Canopy Growth Announces Exercise of Acreage Options Paving the Way for Acquisition by Canopy USA
Canopy Growth (CGC) has exercised its option to acquire Acreage Holdings' Class E and Class D subordinate voting shares, making Acreage a wholly-owned subsidiary of Canopy USA.
Additionally, Canopy USA completed the acquisition of Wana Wellness and The CIMA Group, and a 77% stake in Jetty, with full acquisition of Mountain High Products pending regulatory approval.
The debt acquisition involved approximately $99.8 million of Acreage's debt for $69.8 million in cash and $30.1 million from escrow. The new terms permit Canopy to exercise a call right on $45.6 million of debt before January 14, 2025.
The acquisitions are part of Canopy's strategy to benefit from emerging adult-use cannabis markets in the Midwest and Northeast.
- Acquisition of Acreage Holdings strengthens Canopy's market position.
- Completion of Wana Wellness and CIMA Group acquisitions adds to the portfolio.
- 77% acquisition of Jetty showcases executional capabilities.
- Potential for growth in Midwest and Northeast adult-use cannabis markets.
- Debt acquisition of $99.8 million at a discount, enhancing financial flexibility.
- Completion of Mountain High Products acquisition is subject to regulatory approval, causing potential delays.
- Exercising the call right on $45.6 million debt could increase costs by up to 14.25% if delayed.
- Acreage Fixed and Floating Share acquisitions are still subject to closing conditions.

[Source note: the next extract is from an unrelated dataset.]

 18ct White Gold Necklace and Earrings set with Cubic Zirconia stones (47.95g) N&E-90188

- Debt restructuring involves complex financial covenants and interest payments.
Insights
Canopy Growth Corporation's acquisition of Acreage Holdings' Class E and Class D shares signifies a consolidated control over Acreage, thus integrating its assets and liabilities. This type of acquisition is essential in the cannabis industry for scaling operations and achieving better market penetration. By becoming a wholly-owned subsidiary, Acreage's revenue, assets and liabilities will be consolidated into Canopy Growth's financial statements. This could be beneficial in the long term as the combined operations might yield economies of scale and synergies.
The debt acquisition terms show strategic financial planning. Acquiring approximately
In the short term, the integration costs and restructuring might put pressure on Canopy Growth's earnings. However, the long-term outlook seems optimistic if the company can successfully integrate Acreage and achieve the projected synergies.

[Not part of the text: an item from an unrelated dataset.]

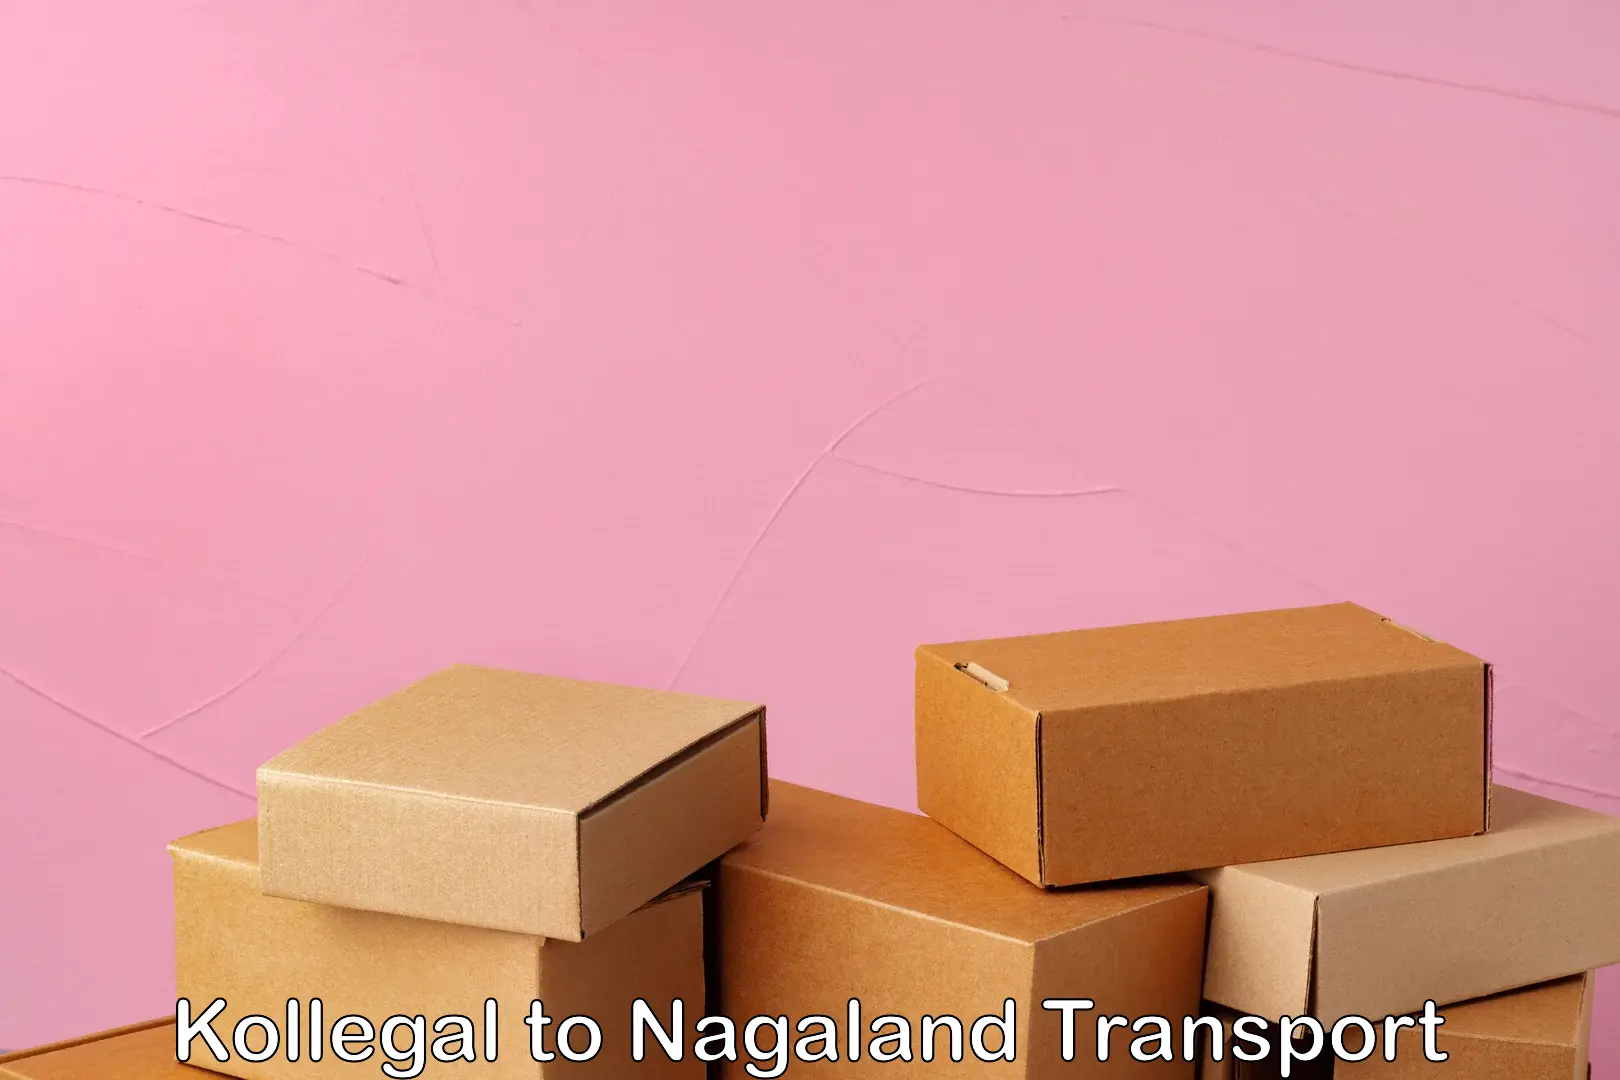 Nearby transport service Kollegal to Nagaland

The acquisition of key brands like Wana Wellness, CIMA and Jetty by Canopy USA is a significant move in expanding Canopy Growth's market presence in the cannabis industry. Wana Wellness is known for its cannabis-infused products, which are popular in the edibles market, while Jetty is renowned for its concentrates. These acquisitions add diversity to Canopy Growth’s product portfolio, enhancing its competitive edge.

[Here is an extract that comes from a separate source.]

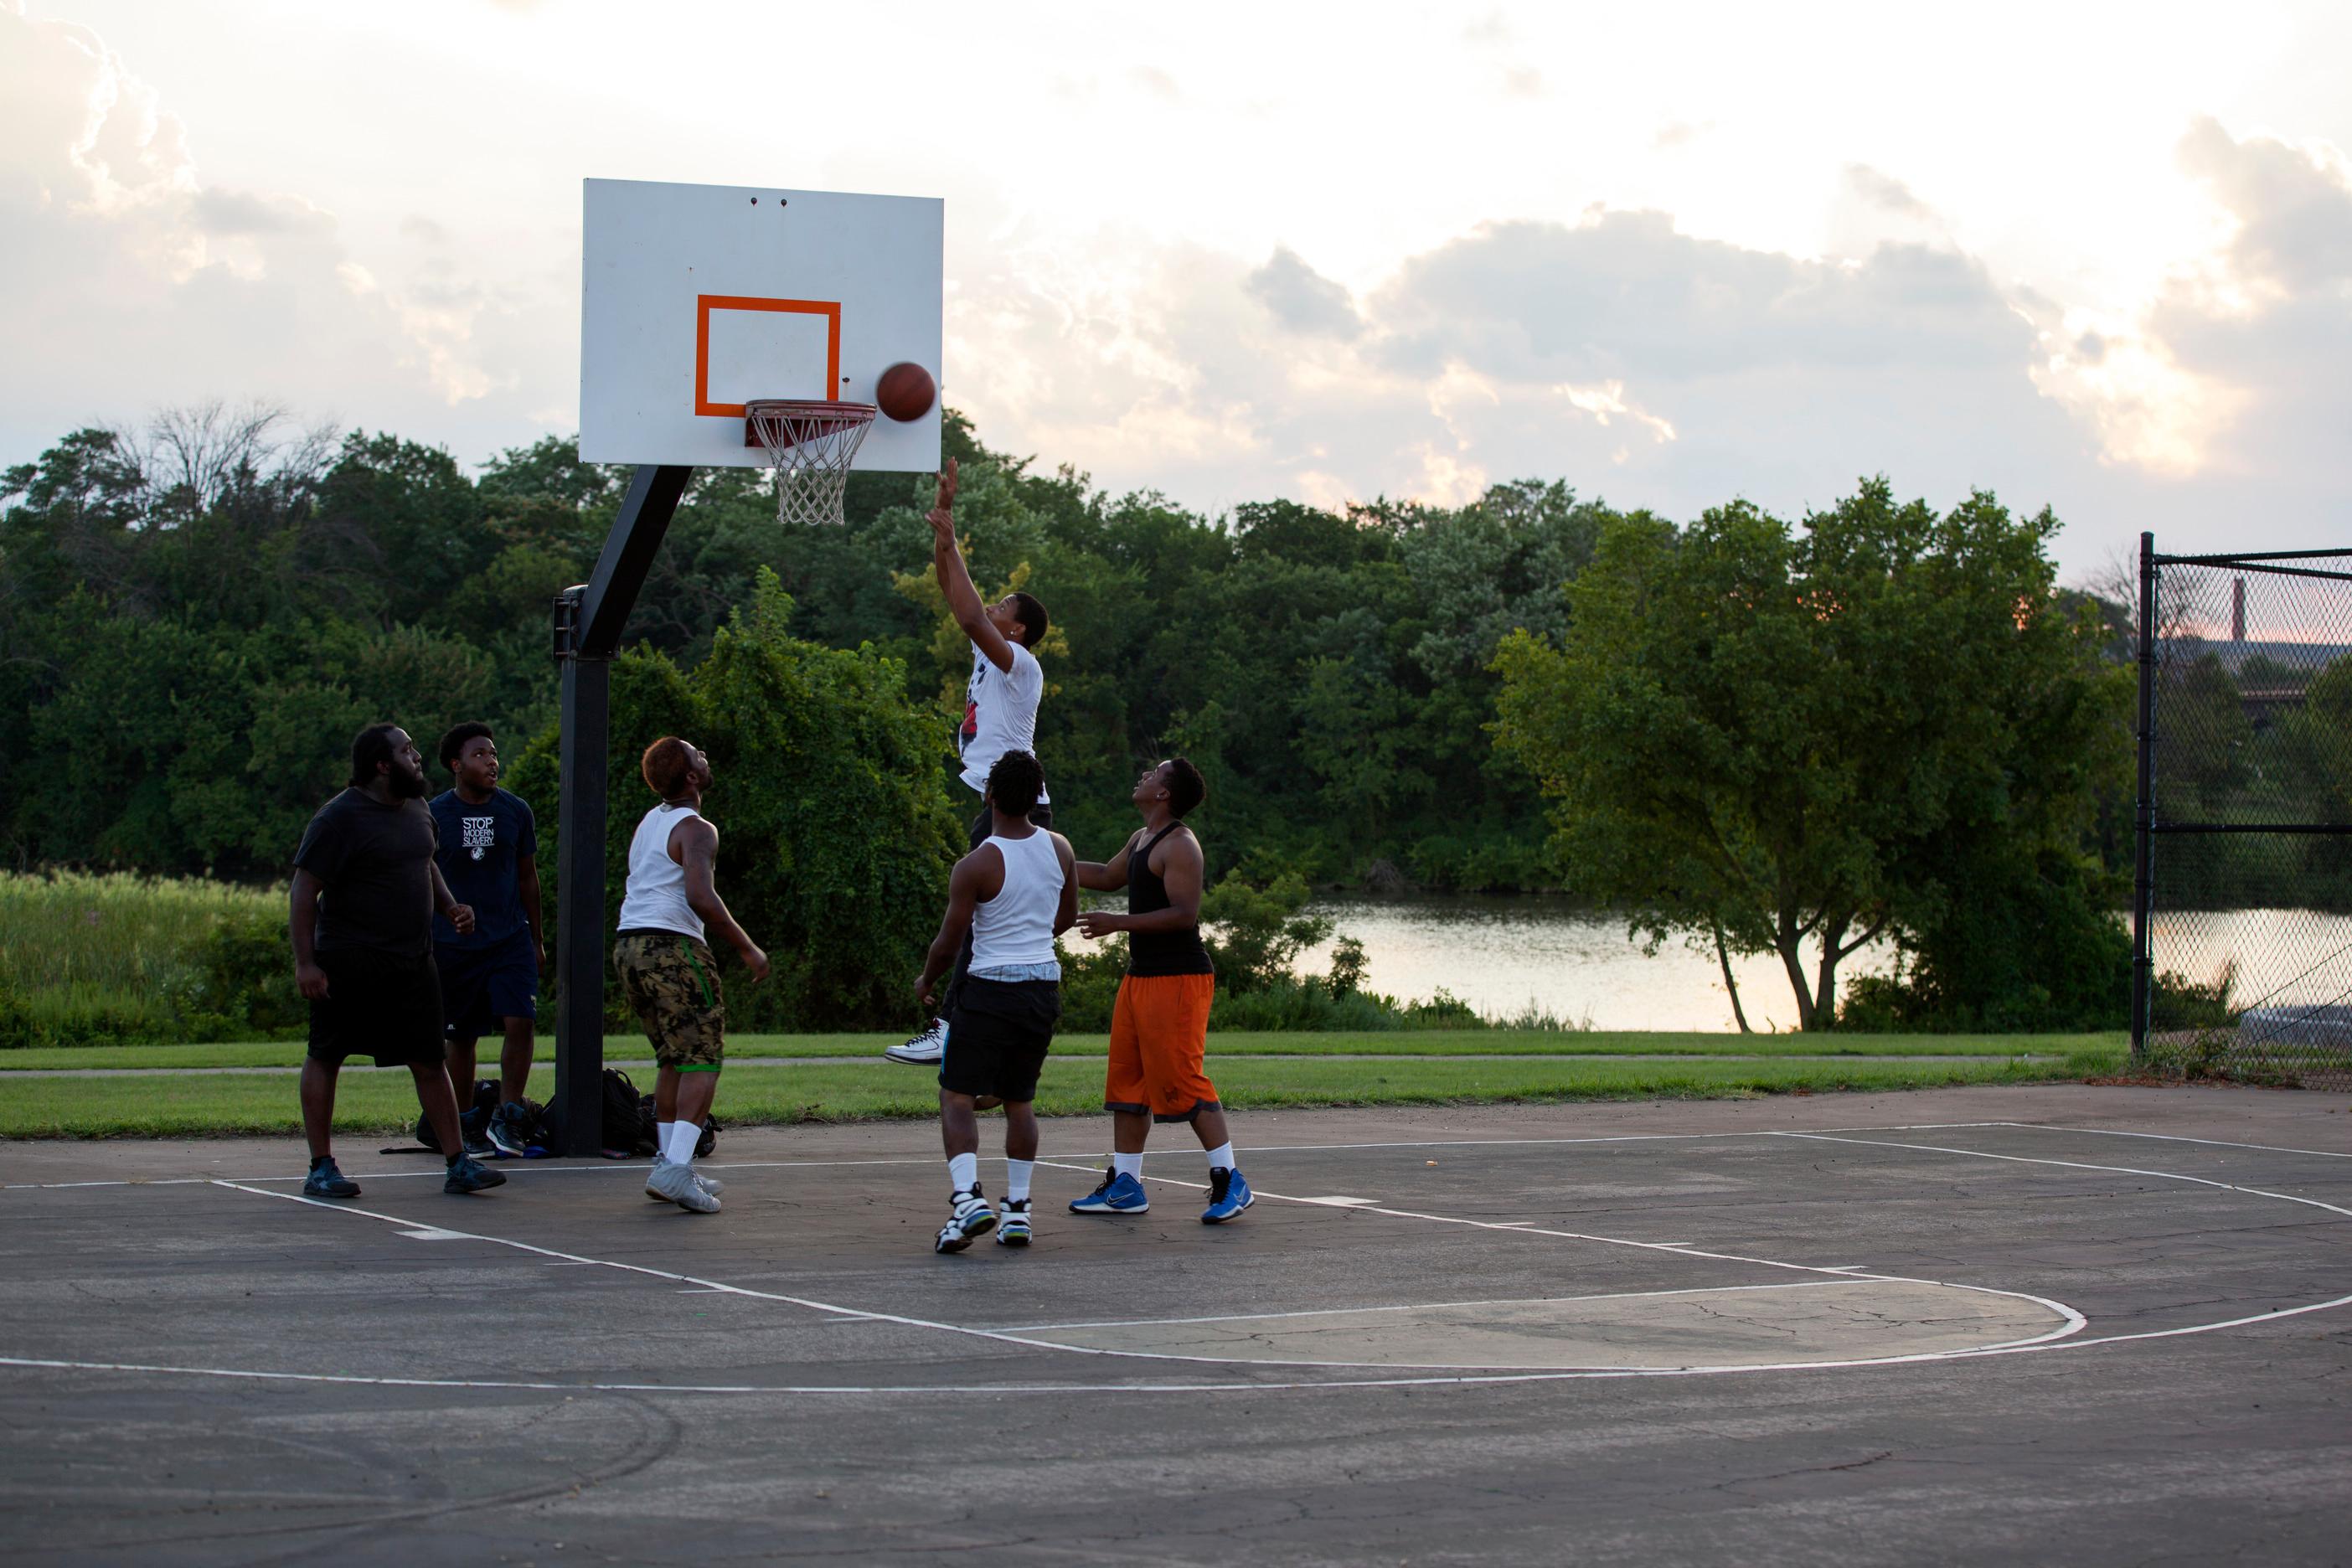 A few men are playing basketball at Anacostia with the Anacostia River in the background.

However, the integration of these brands will require efficient management to ensure consistent quality and brand identity. Also, regulatory approvals for the remaining acquisitions, such as Mountain High Products, LLC (MHP), are crucial. Delays or failure to obtain these approvals could hinder the expected growth and synergies.
In the context of market dynamics, expanding into new geographic regions in the Midwest and Northeast as they come online for adult use is a strategic move. It opens up new revenue streams, but also increases exposure to regional regulatory risks. Investors should monitor how well Canopy Growth navigates these regulatory environments and capitalizes on new market opportunities.
The complex structure of the agreements, such as the Acreage Fixed Share Arrangement Agreement, the Acreage Floating Share Arrangement Agreement and the Debt Acquisition arrangements, indicates a highly strategic legal maneuvering by Canopy Growth. These agreements are crafted to ensure Canopy Growth gains substantial control over Acreage Holdings while managing financial exposure.
The use of put and call rights in the debt acquisition provides Canopy Growth with flexibility in managing its financial obligations. The terms set forth for the Rolling Interest offer both protection and potential cost savings in various scenarios, depending on when the Call Right is exercised. This flexibility can be advantageous, allowing Canopy Growth to respond to market conditions and financial needs strategically.
Legal complexities and regulatory compliance will be ongoing challenges. Ensuring all conditions are met for the acquisition and managing compliance across different jurisdictions will require diligent legal oversight. Investors should remain aware of any legal disputes or regulatory hurdles that may arise.
Canopy
In addition, Canopy Growth announced today that it exercised its option, in part, to acquire certain outstanding debt of Acreage (the "Debt Acquisition") in connection with the option agreement dated November 15, 2022 (the "Option Agreement") among a wholly-owned subsidiary of Canopy Growth (the "Optionor") and the lenders (the "Lenders") party to Acreage's credit agreement dated as of December 2021, as amended on October 24, 2022 and April 28, 2023.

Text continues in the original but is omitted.